Very true---but not wise if the inspectors are coming---Mae-Ling has a simple low cost solution that doesn't require advanced carpentry skills.


----------



## GBrackins (Apr 26, 2012)

per the 2009 International Residential Code, basis for most local and state building codes:

_*R311.3 Floors and landings at exterior doors.* There shall be a landing or floor on each side of each exterior door. The width of each landing shall not be less than the door served. Every landing shall have a minimum dimension of 36 inches (914 mm) measured in the direction of travel. Exterior landings shall be permitted to have a slope not to exceed 1/4 unit vertical in 12 units horizontal (2-percent). 

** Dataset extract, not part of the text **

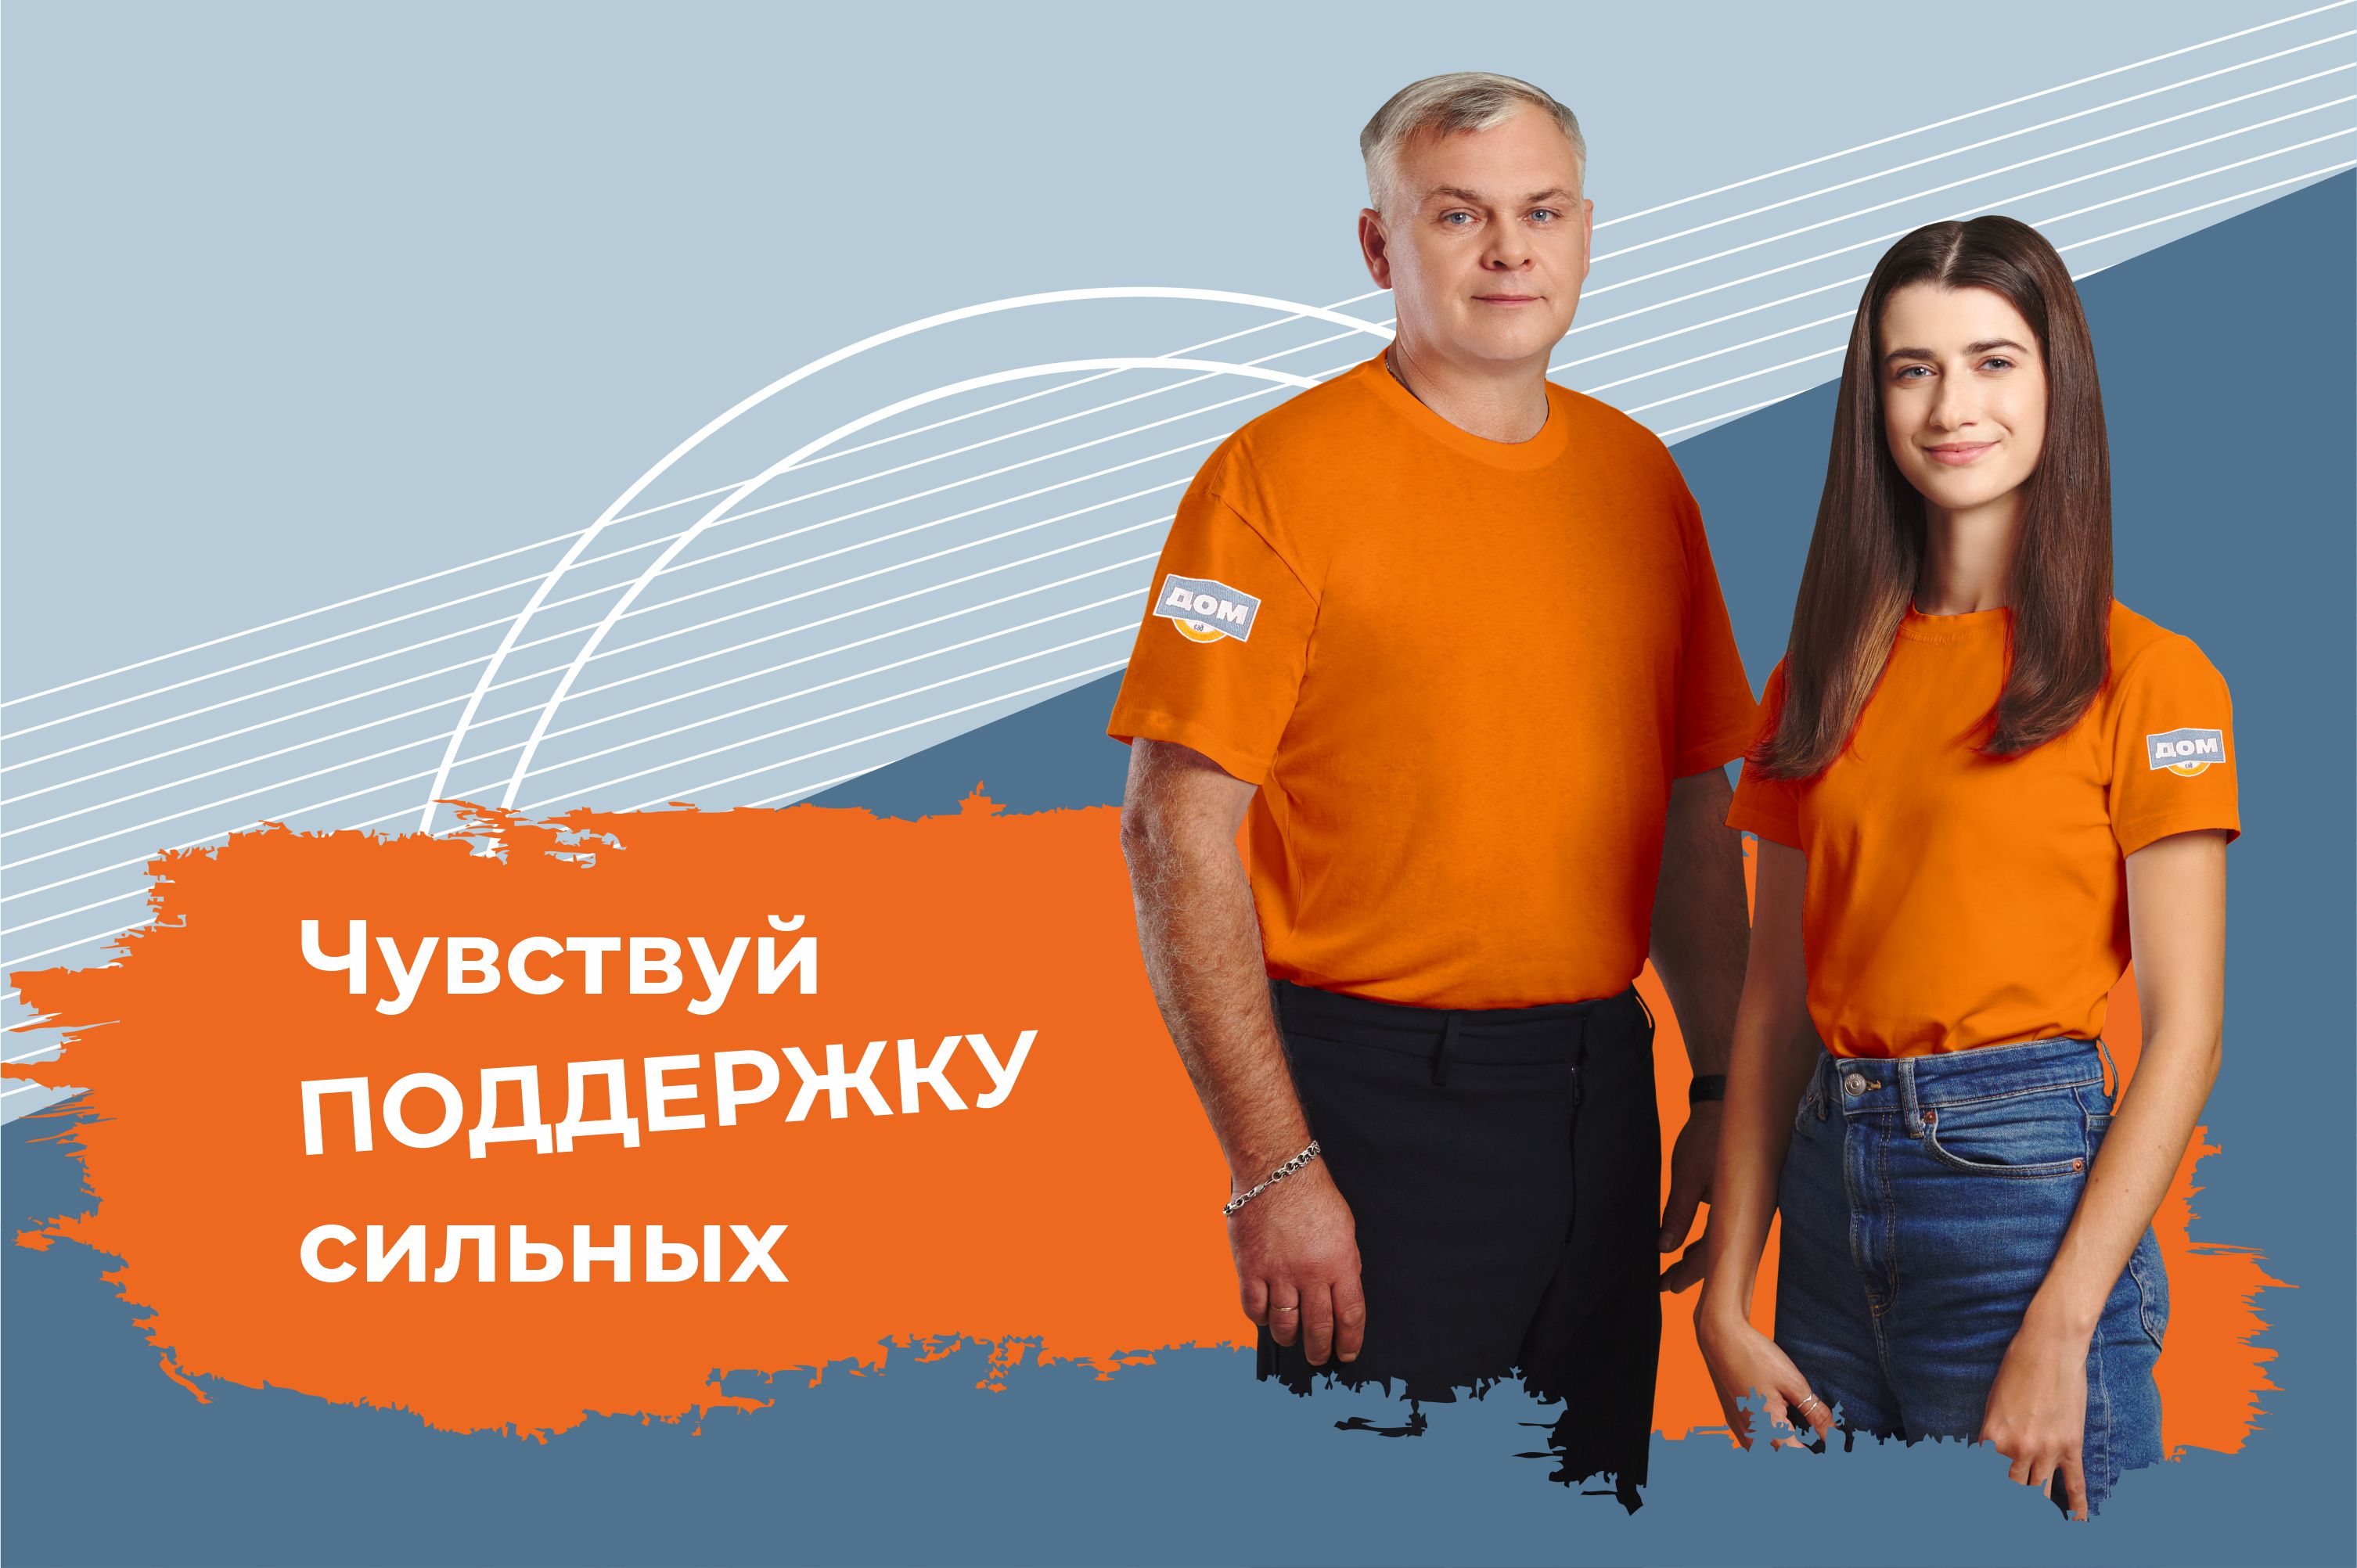 Работа в Челябинске по рубрикам

*Exception:*_ _ Exterior balconies less than 60 square feet (5.6 m2) and only accessible from a door are permitted to have a landing less than 36 inches (914 mm) measured in the direction of travel.
_
Hope this helps


----------



## mae-ling (Dec 9, 2011)

Good point GB, landing 3' wide or as wide as the door whichever is greater.
Don't need to count the fixed part of a sliding patio door.


----------



## DangerMouse (Jul 17, 2008)

I was allowed to use cinder blocks temporarily (it was only a few months) as steps and landings until I had the time and materials to make my porch/landing. You may be able to do the same if your inspector is not a *****. The blocks cost around $30.00 is all, and now they are being used as a "mountain" for our goats, as well as a few other small things.

DM


----------



## GBrackins (Apr 26, 2012)

it's all up the building official, all you need to do is discuss this with them. I've seen them many times waive the landing requirement if the deck was to be built within the near future. it's worth the sit down with the building official to find out


----------



## DangerMouse (Jul 17, 2008)

GBrackins said:


> it's all up the building official, all you need to do is discuss this with them. I've seen them many times waive the landing requirement if the deck was to be built within the near future. it's worth the sit down with the building official to find out


Yup.

DM


----------



## mgp roofing (Aug 15, 2011)

A stack of pallets will work if its only for a few months. I did that the day my house got set on its new foundations, 10 months later its still like that, the deck will be built this summer.


----------



## mae-ling (Dec 9, 2011)

mgp roofing said:


> A stack of pallets will work if its only for a few months. I did that the day my house got set on its new foundations, 10 months later its still like that, the deck will be built this summer.


Not if an inspector comes by


----------